REQUIRED ACTION -
Without copying any picture, return all lines below exactly.

THE DATA -
────────────────────

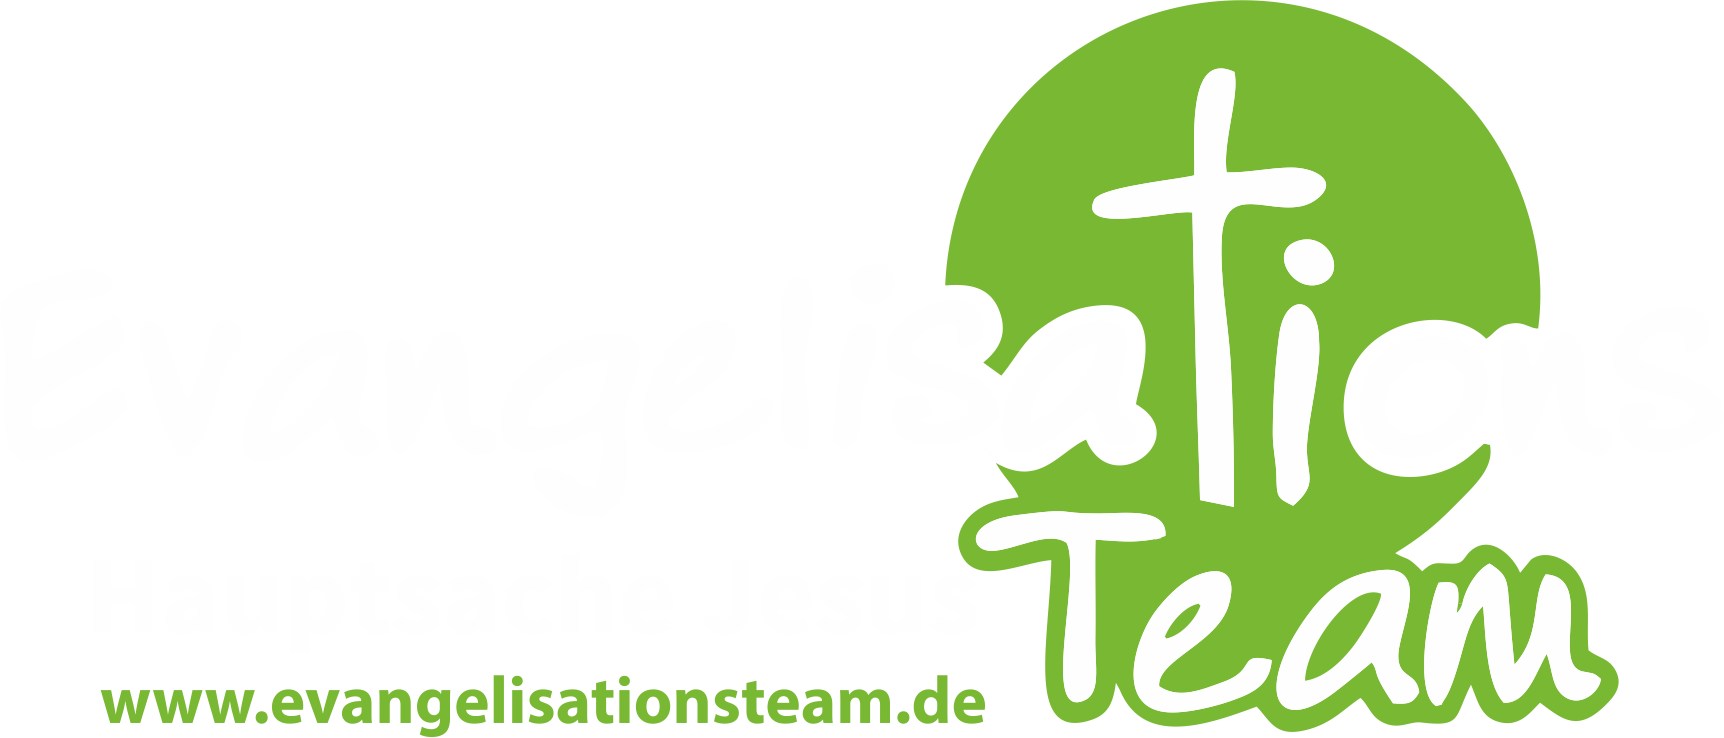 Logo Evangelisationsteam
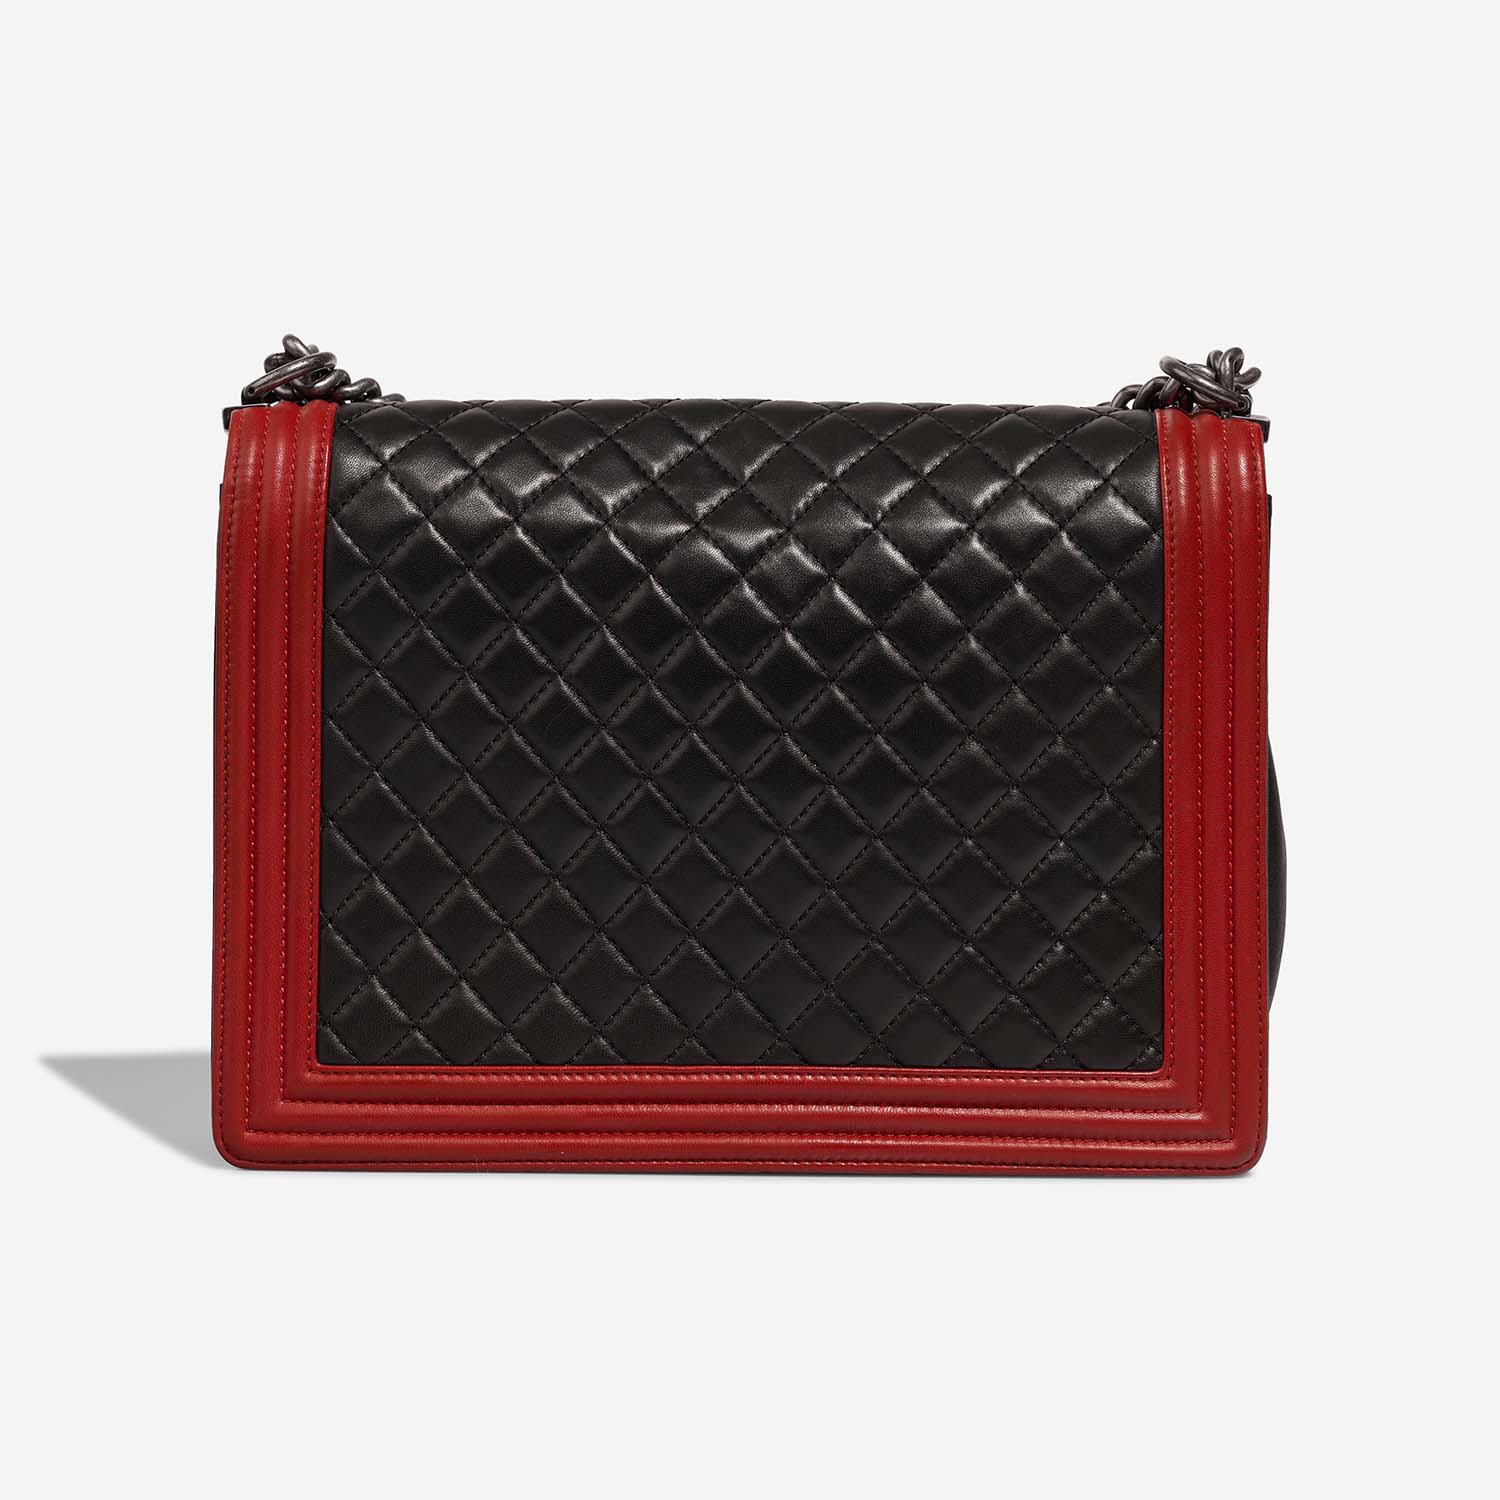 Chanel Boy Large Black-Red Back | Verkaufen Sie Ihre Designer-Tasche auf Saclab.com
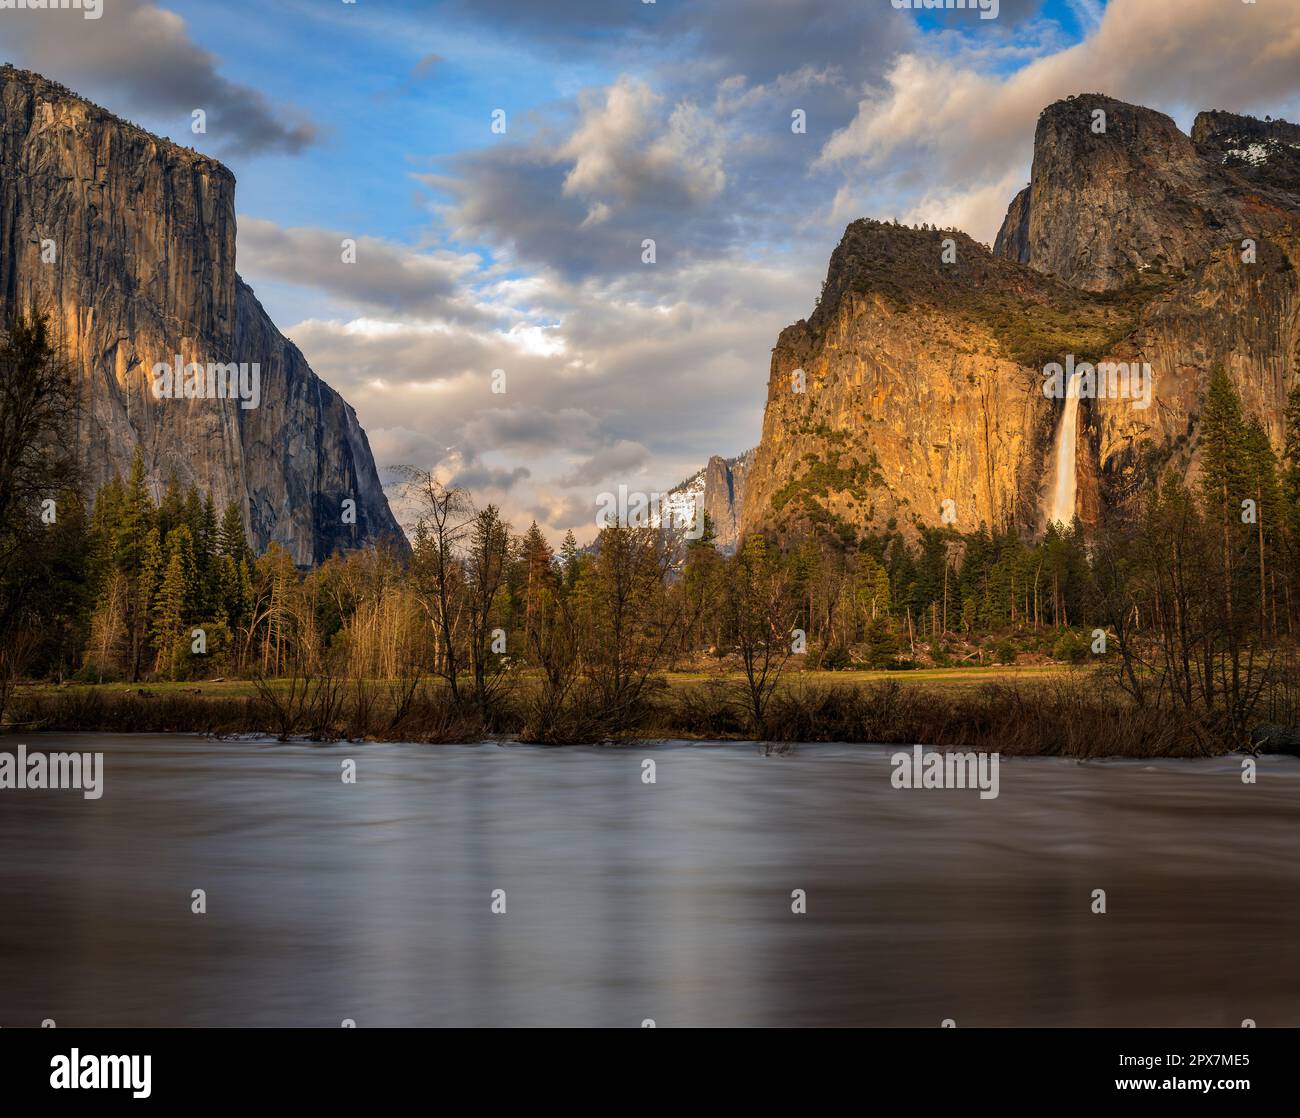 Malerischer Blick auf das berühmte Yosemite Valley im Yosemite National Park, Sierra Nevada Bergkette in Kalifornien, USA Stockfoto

────────────────────

THE ANSWER -
 Logo Evangelisationsteam
 Chanel Boy Large Black-Red Back | Verkaufen Sie Ihre Designer-Tasche auf Saclab.com
 Malerischer Blick auf das berühmte Yosemite Valley im Yosemite National Park, Sierra Nevada Bergkette in Kalifornien, USA Stockfoto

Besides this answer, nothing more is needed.